Don't forget to mark this to proxy both Releases AND Snapshots (in Nexus, you should configure 2 separate Proxies to host the releases and snapshots respectively)

1.3 Build elasticflume cd $ELASTICFLUME_HOME mvn package

If Maven complains that it cannot locate an artifact, check 1.2 above to make sure you got it correct. Contact me if you have problems.
Now add the elasticflume jar into the classpath too, I do this personally with a symlink for testing, but copying is probably a better idea.. :):

ln -s $ELASTICFLUME_HOME/target/elasticflume-1.0.0-SNAPSHOT-jar-with-dependencies.jar $FLUME_HOME/lib/

NOTE: On Ubuntu, with certain JVM's installed, there have been reports that using the Symlink approach does not work because the JVM will refuse to load a jar coming from a symlink, so if you get a ClassNotFoundException, perhaps try copying instead.
Ensure your Flume config is correct, check the $FLUME_HOME/conf/flume-conf.xml correctly identifies your local master, you may have to copy the template file that's in that directory to be 'flume-conf.xml' and then add the following:
flume.master.servers localhost A comma-separated list of hostnames, one for each machine in the Flume Master.

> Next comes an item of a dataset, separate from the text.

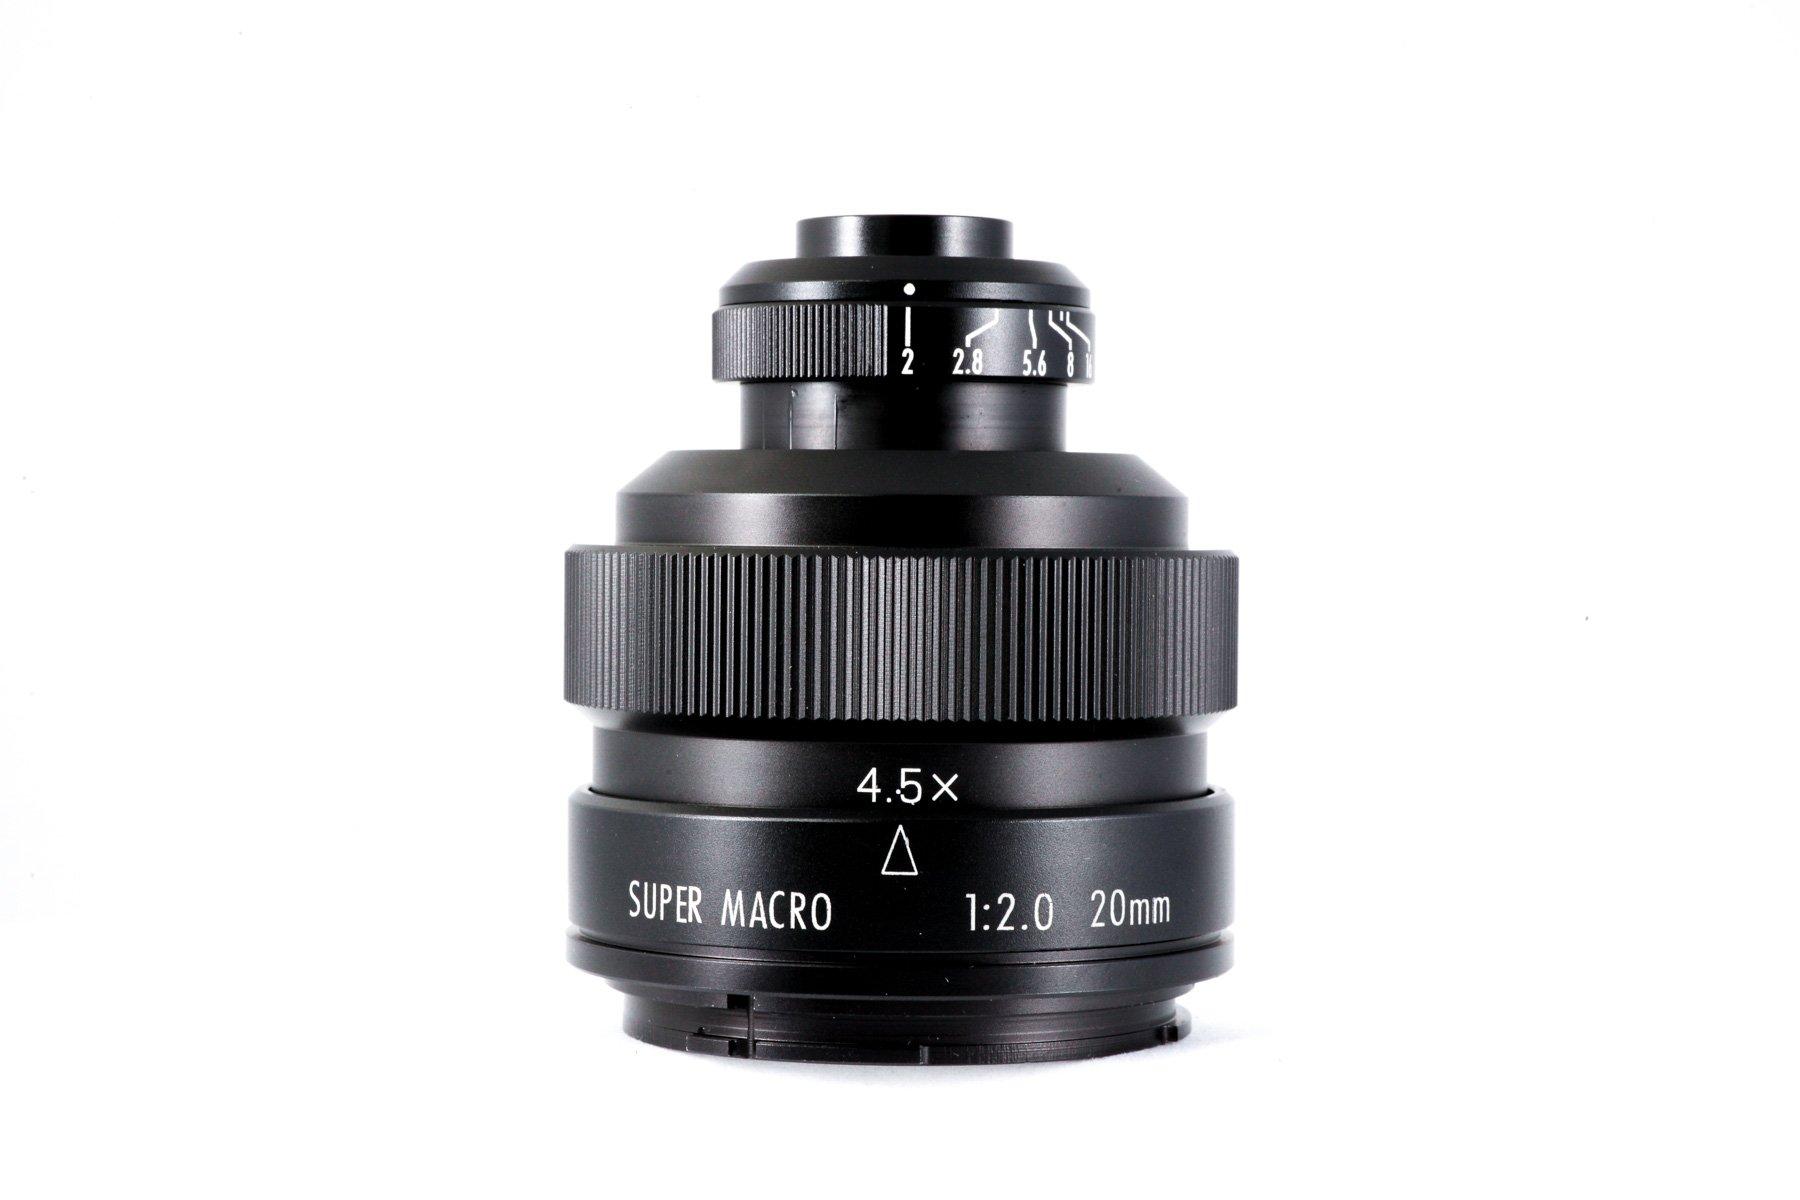 Mitakon 20mm f 2.0 Super Macro Lens Full-Frame 4.5X for Nikon F mount DSLR ZhongYi microscope-lens for Cameras by MITAKON

... (the above may not be necessary, because it's the default, but I had to do it for some reason).

You will also need to register the elasticflume plugin via creating a new a property block:

  <property>
      <name>flume.plugin.classes</name>
      <value>org.elasticsearch.flume.ElasticSearchSink</value>
      <description>Comma separated list of plugins</description>
  </property>

Startup Flume Master, and Flume nodes, you will need 2 different shells here.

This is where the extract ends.